**Exercise requirements**
Using the listing below, print the line containing "BOUGIE / QUARTIER", the line containing "Portrait Beautiful Woman - 20 HQ Images", and each line between them, exactly and nothing else. Pictures stay out of the print.
[[ Exercise inputs open ]]
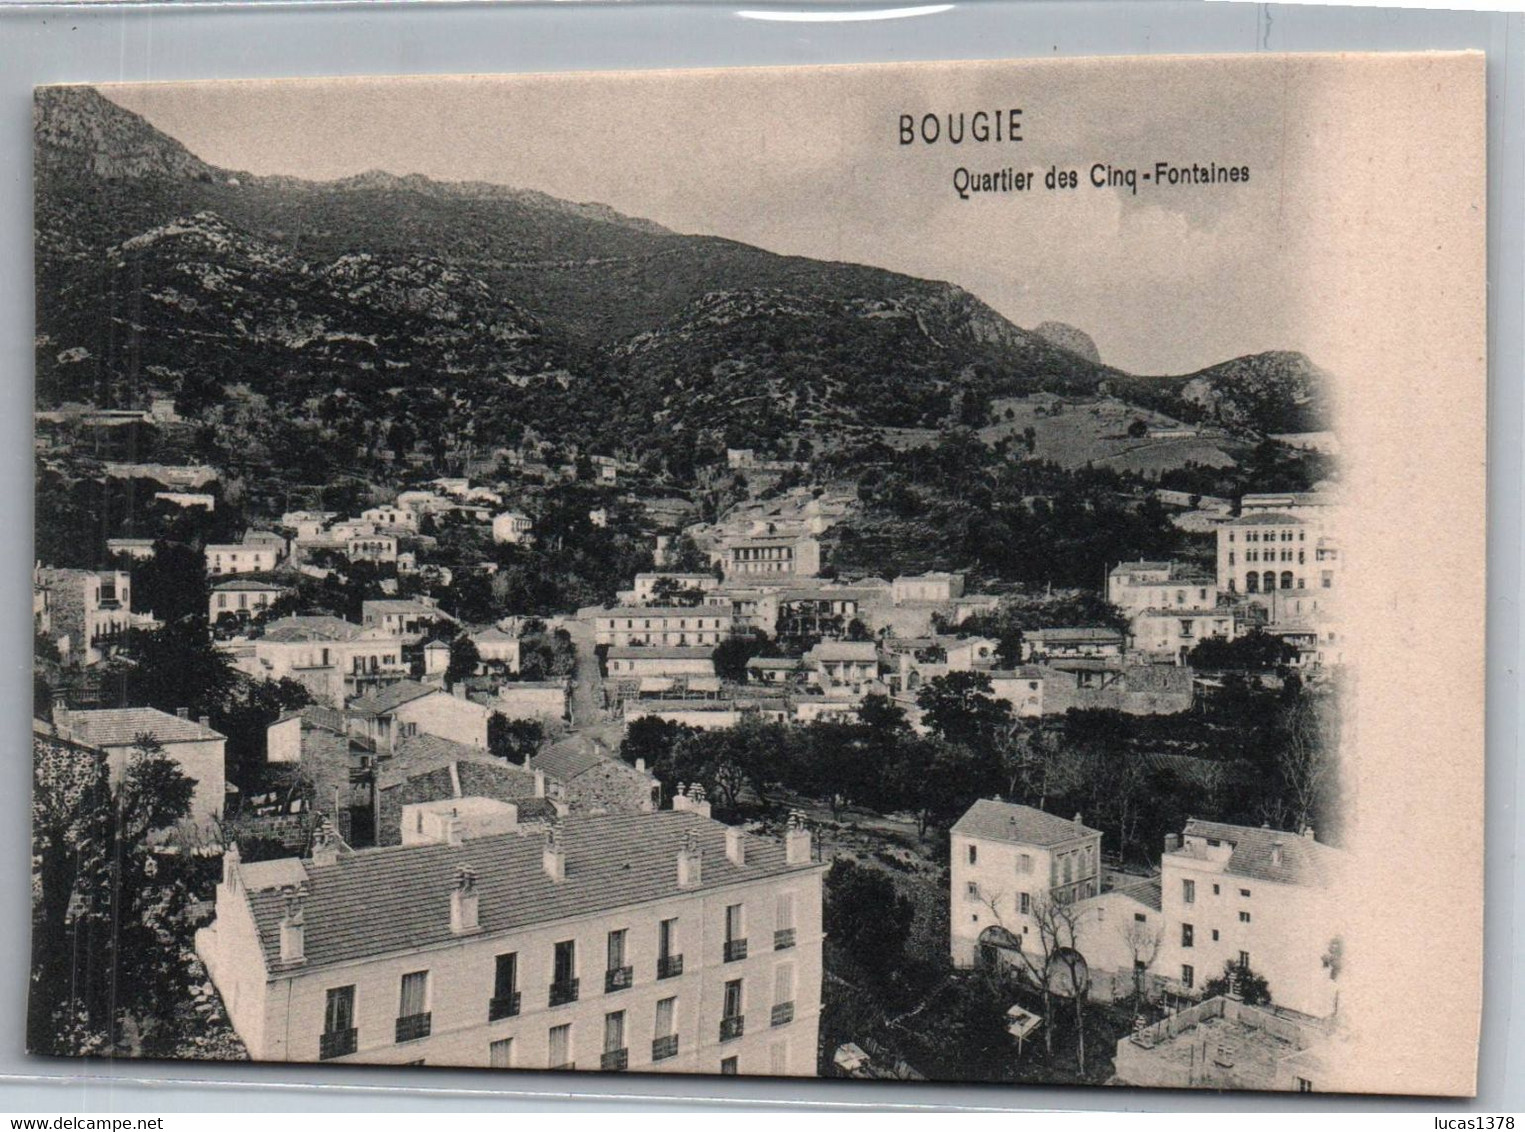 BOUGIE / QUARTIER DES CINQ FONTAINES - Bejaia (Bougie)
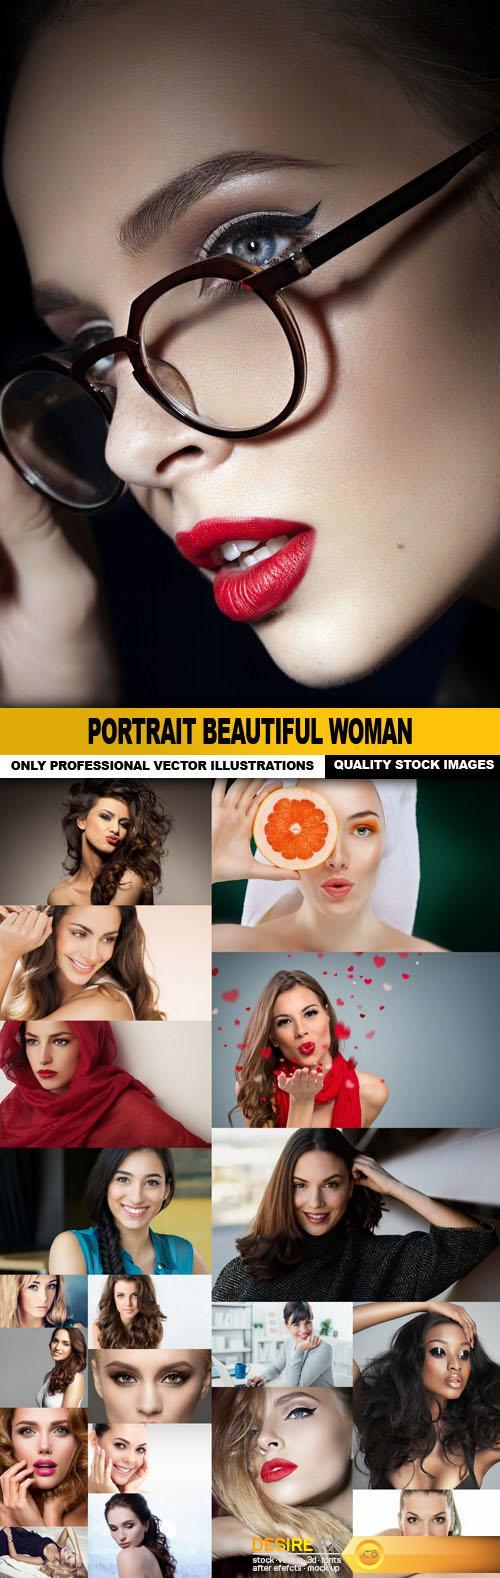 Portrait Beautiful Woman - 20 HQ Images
[[ Exercise inputs closed ]]
[[ Exercise inputs open ]]
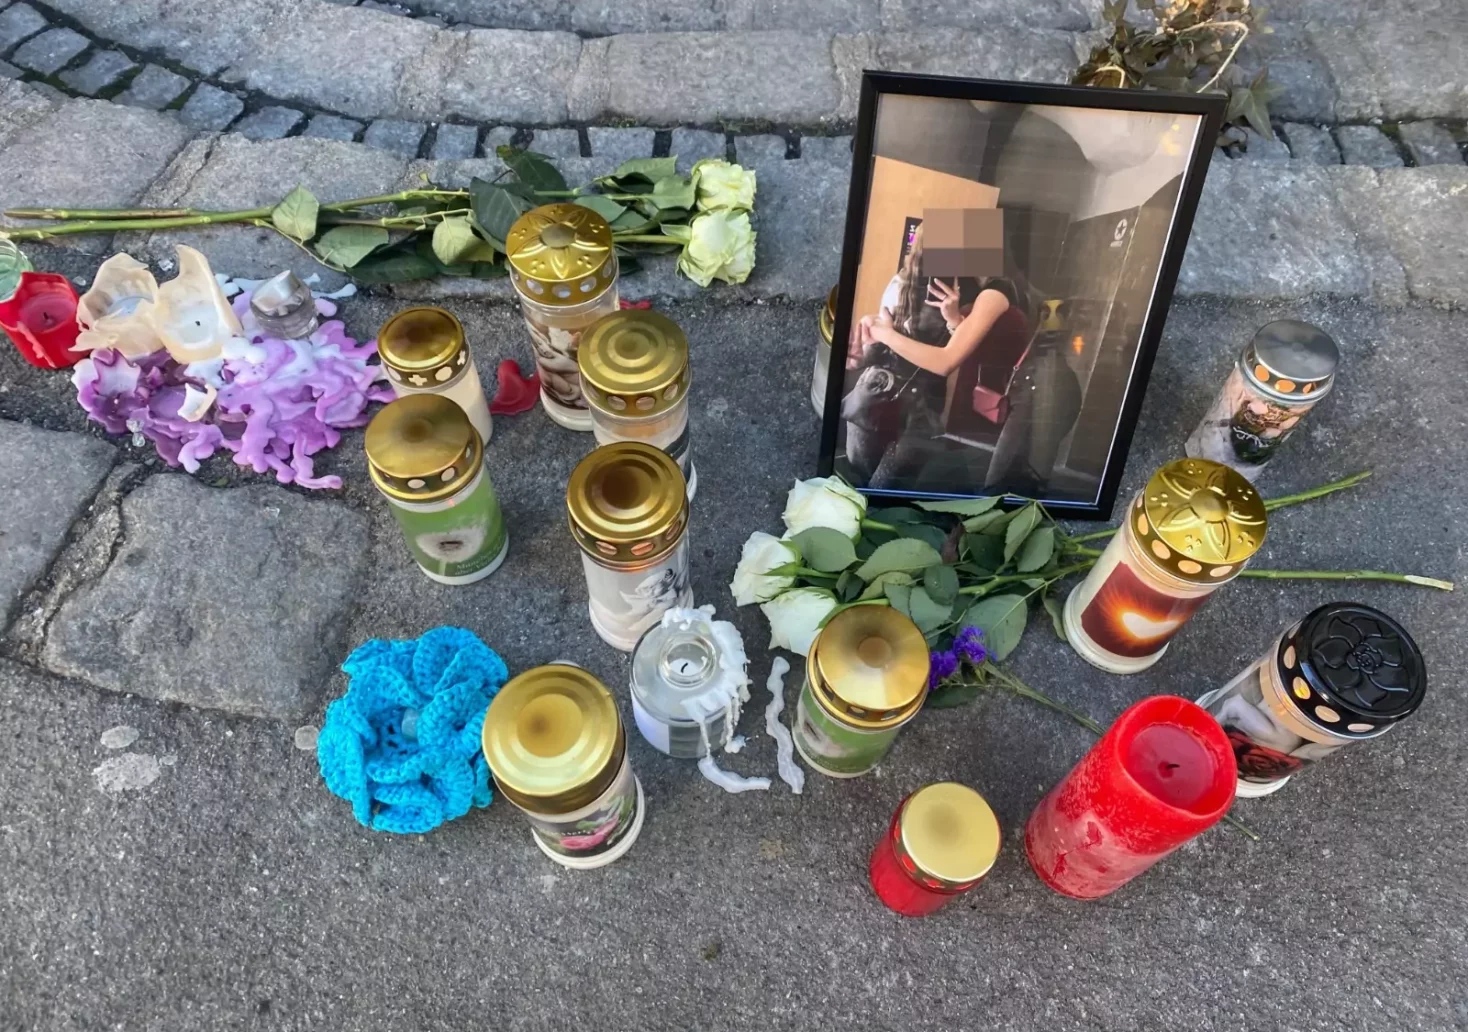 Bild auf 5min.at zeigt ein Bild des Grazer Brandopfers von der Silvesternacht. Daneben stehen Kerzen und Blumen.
[[ Exercise inputs closed ]]
**Exercise solution**
 BOUGIE / QUARTIER DES CINQ FONTAINES - Bejaia (Bougie)
 Portrait Beautiful Woman - 20 HQ Images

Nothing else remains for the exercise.